Chris Markiewicz's Blog
Every Monday – thoughts, observations and ideas that hold up a mirror to who & how we are

I hear what you say…..


In the post that I wrote this time last week, much emphasis was put on the importance and value of good listening and how it contributes to building stronger, richer relationships.

 Great listening isn’t necessarily about merely doing the listening, but also very much about showing, even proving to the other person that we really are listening to them.

 I have noticed though, over the past decade or so, the emergence of a vogue for something that I have dubbed “lip service empathy”. Quite simply, we use a stock phrase to tell the other person that we have listened – even if we haven’t. This is likely to involve cooing empathetic sounding phrases such as:

 “I hear what you say….”

“I can see where you’re coming from…”

“I understand…”

 Followed, in almost every case by a simple three letter word:

 ….but

 I actually need to correct myself on this and venture to suggest that the word “but” in this case is actually mis-spelt and should read:

 …..butt

 In other words, the verbal equivalent of a head butt. It serves a similar purpose to a head butt in its physical form. A head butt can have maximum impact, if administered off the back of some kind of platitude. The victim feels lured into a false sense of security before suddenly being in receipt of a mighty, unexpected, painful blow to the head. Brutally effective.

 Lip service empathy followed by a verbal butt can have a similar effect.

 “I hear what you say….” then comes the  “….butt…”  the hit, if you will followed by the forcefully put, opposing counter argument.

 Whilst the “victim” in this case isn’t necessarily reeling from the impact of the words, the intention almost always will be to disempower, prove wrong and ultimately win  the argument.

 When I pay lip service empathy, I’m not really listening (most of the time) or, if I am it will be to pick holes – such as in a formal debate.  The verbal head butt can be doubly damaging if it coincides with the uncontrolled verbal vomit (UVV) as described in previous posts.

 I’m also reminded of what Marshall Rosenberg (originator of non-violent communication) says when he speaks of butting in this way. His US based take on this is to say “don’t stick your butt in other peoples’ faces, they won’t like it”. Yet a third angle on this – equally crude I’m afraid, is “Everything before the but(t) is bulls**t” – emphasising the fact that the verbal butt tends to negate anything positive that pre-empted it.

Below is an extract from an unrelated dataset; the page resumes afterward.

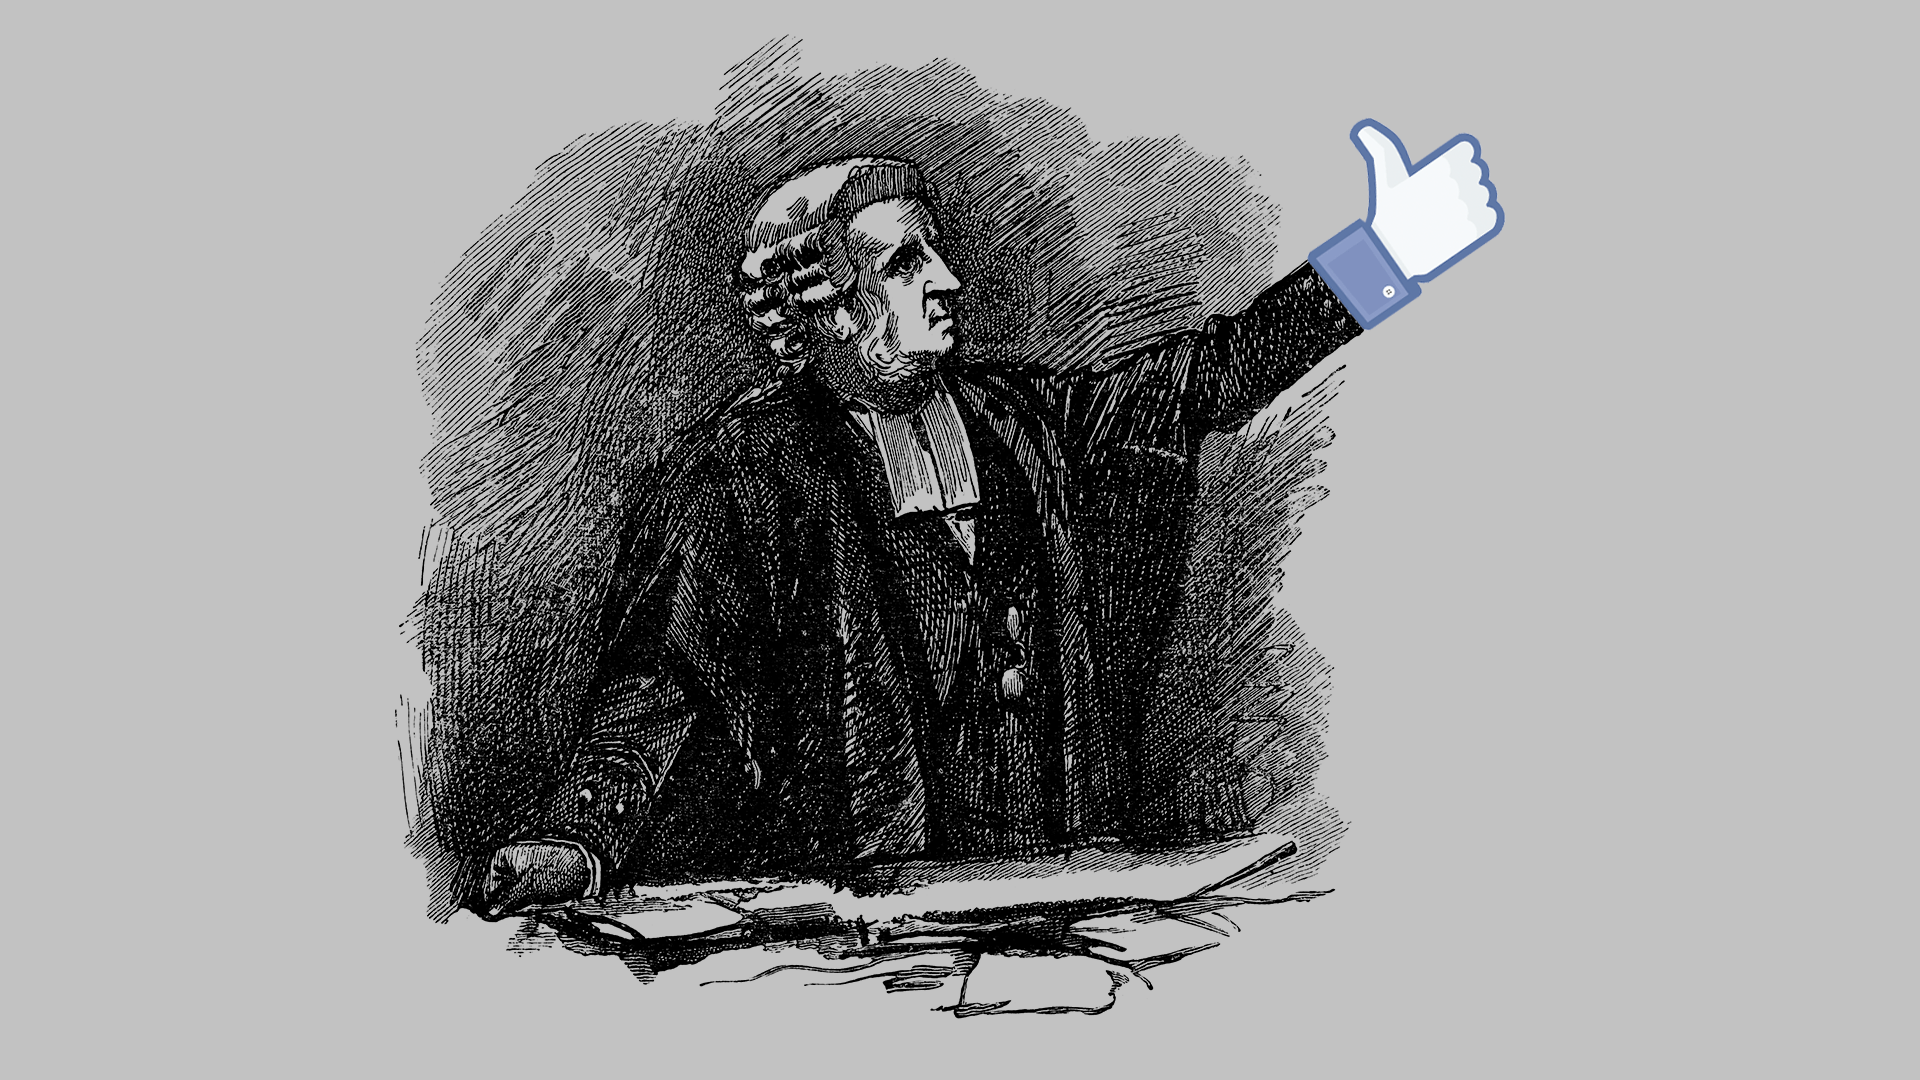 Illustration of an old-fashioned etching of a legislator with a Facebook "like" thumbs up hand

 Next time you observe two people arguing, notice if they are verbally head butting. It will often be in truncated form with each person starting what they have to say with the words “Yes, butt….” and often UVV-ing into the bargain!

 So, what do we do instead? Especially if we strongly disagree on an issue?

 Four steps:

 Listen in the first place – even if you disagree

Repeat back in your own words the essence of what’s been said – again, even if you disagree. Try and strip out any judgmental, blaming or otherwise contentious content. In other words, repeat back your understanding and hold back on the urge to interrupt with a UVV

Ask a relevant question or two, to gain further understanding

Finally, give your own viewpoint, taking into account any new information or perspectives you may have learned. If you disagree – fine, say so. The person is much more likely to listen in return than they would have done otherwise. See if you can negotiate a way forward. At very least, you have dialogue.

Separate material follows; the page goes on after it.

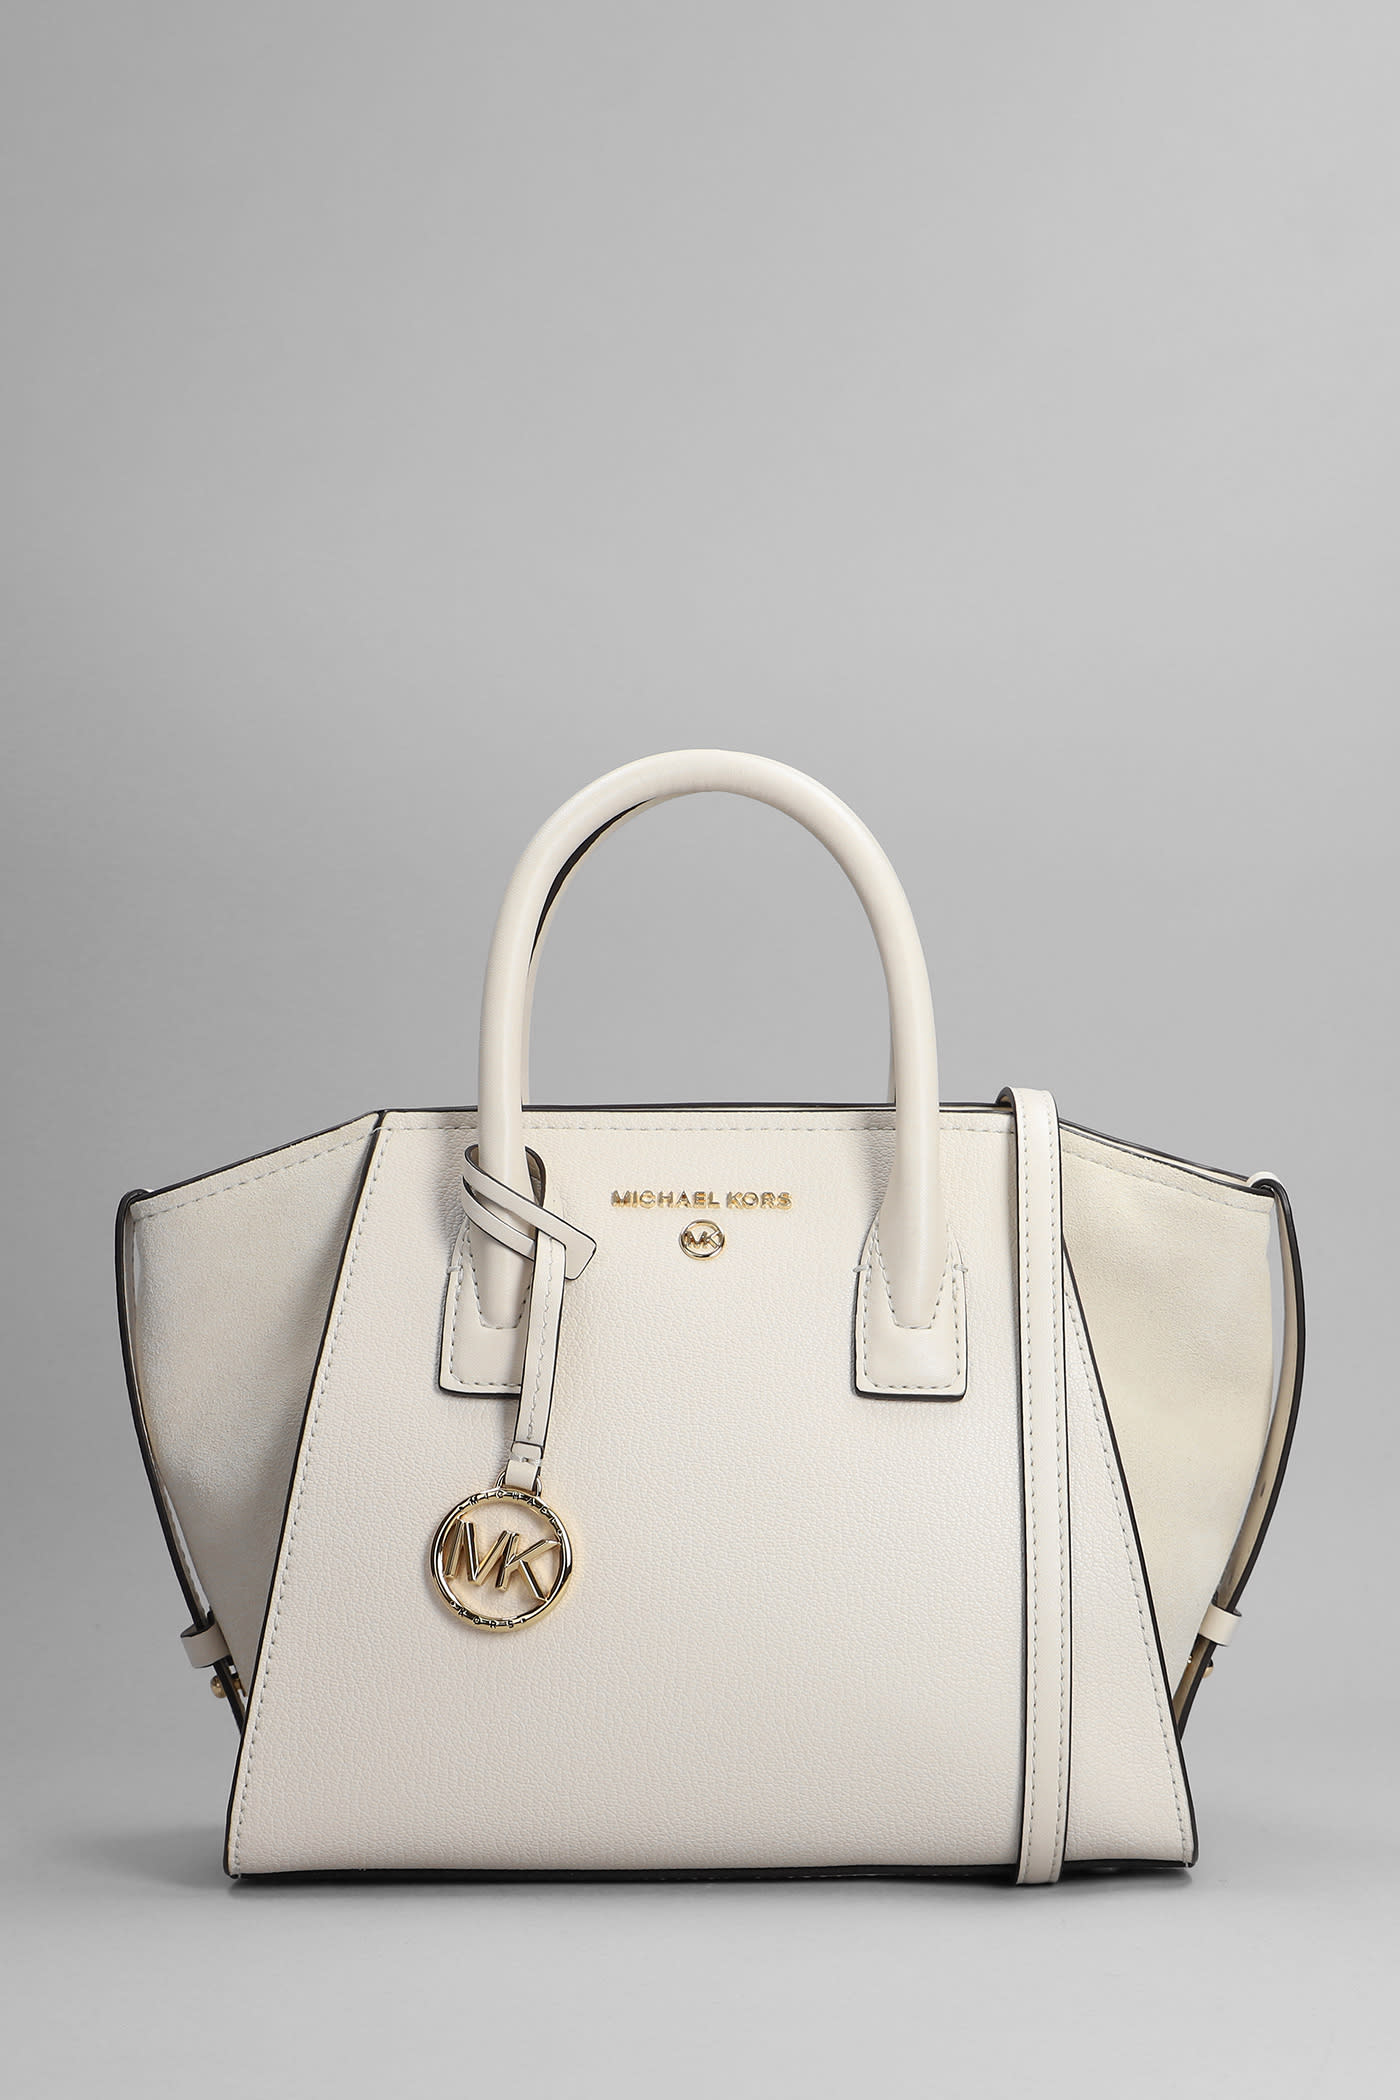 Michael Kors Avril Hand Bag In Beige Leather

I often run an exercise on influencing and conflict resolution courses where I ask two people who genuinely disagree on an issue to discuss (not debate or argue) the topic using this kind of process. It is astonishing to observe the insights that people have just as a result of listening and cutting out the UVVs and verbal head butts. People observing almost always comment on how calm and considered the interactions are.

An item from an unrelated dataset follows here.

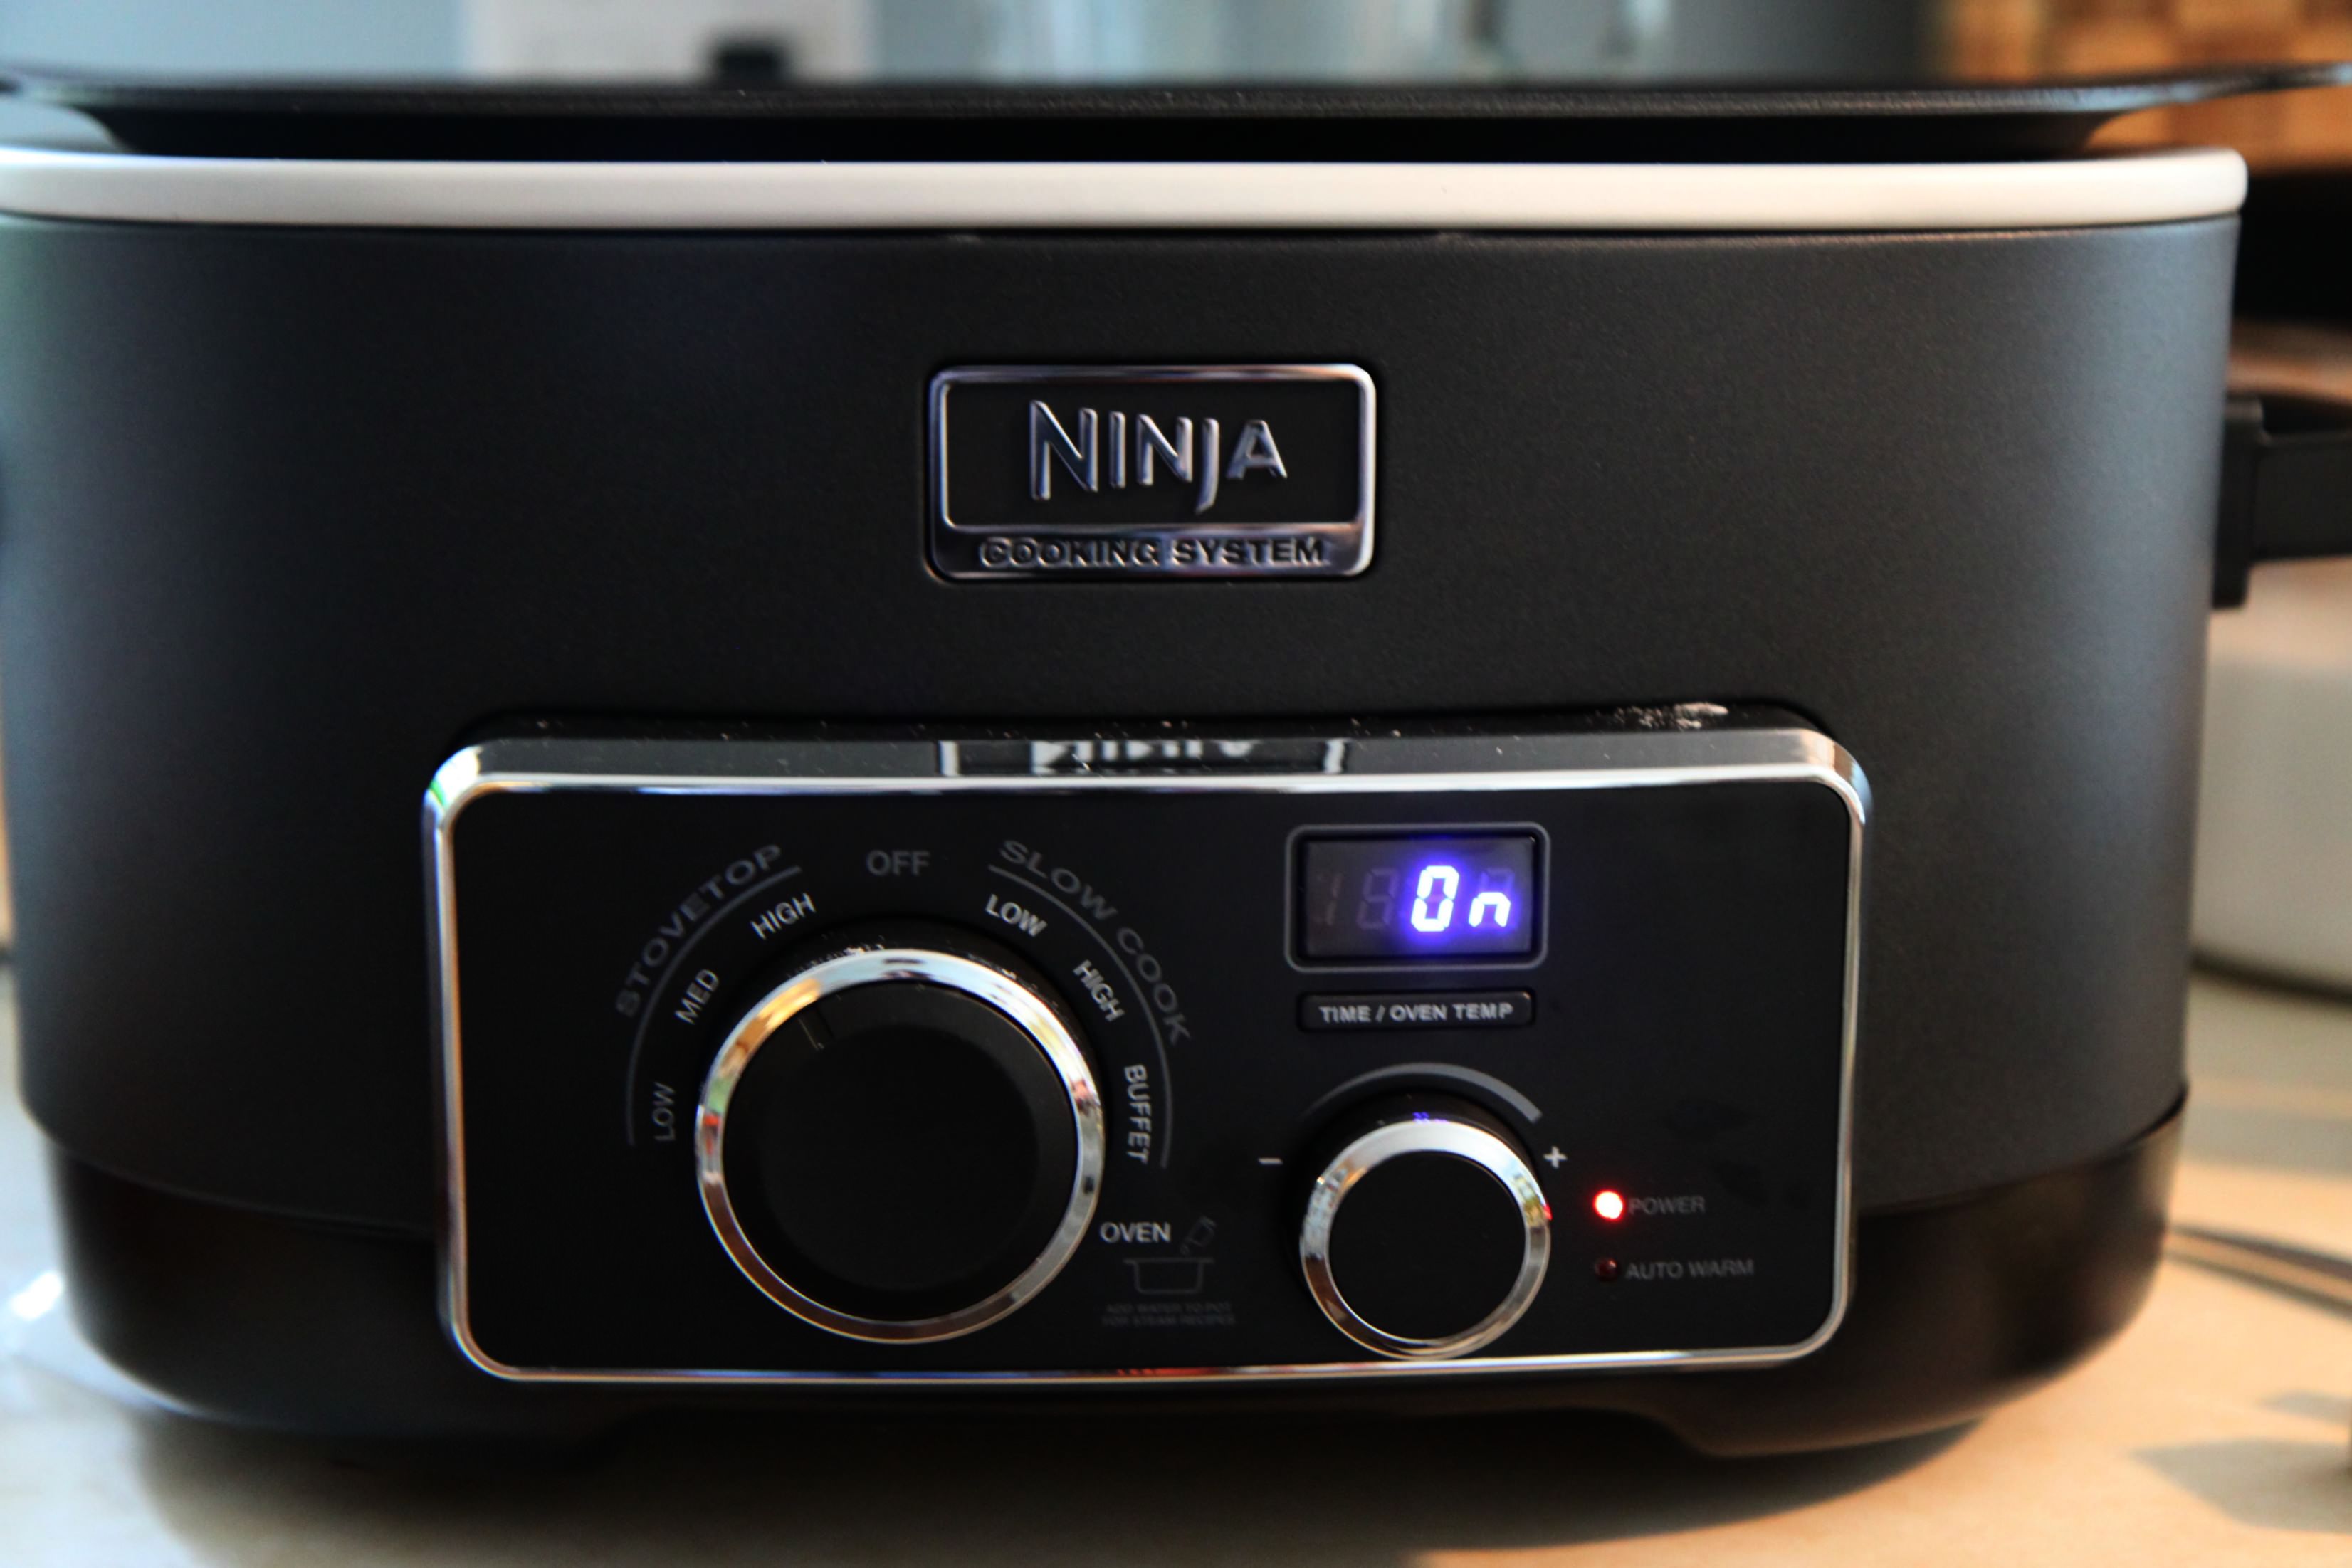 Giveaway Closed: Ninja Cooking System : Review & ...

 On one occasion, two people had gone through the exercise and discussed fox hunting from opposing perspectives. They each came up to me after the exercise to say that it had been the first time they had ever actually really listened to the other view!

 They still disagreed with each other, but at least had a better understanding of their respective views and, more importantly the reasons behind them.

 One of them had in fact taken part in many hunts, the other owned up to having been a hunt saboteur! How’s that for creating a platform for mutual understanding and  a potential way forward?

 I am perfectly prepared to accept that some of you may find this a little too idealistic, that the world doesn’t work that way, that debate and argument is a way of getting things done.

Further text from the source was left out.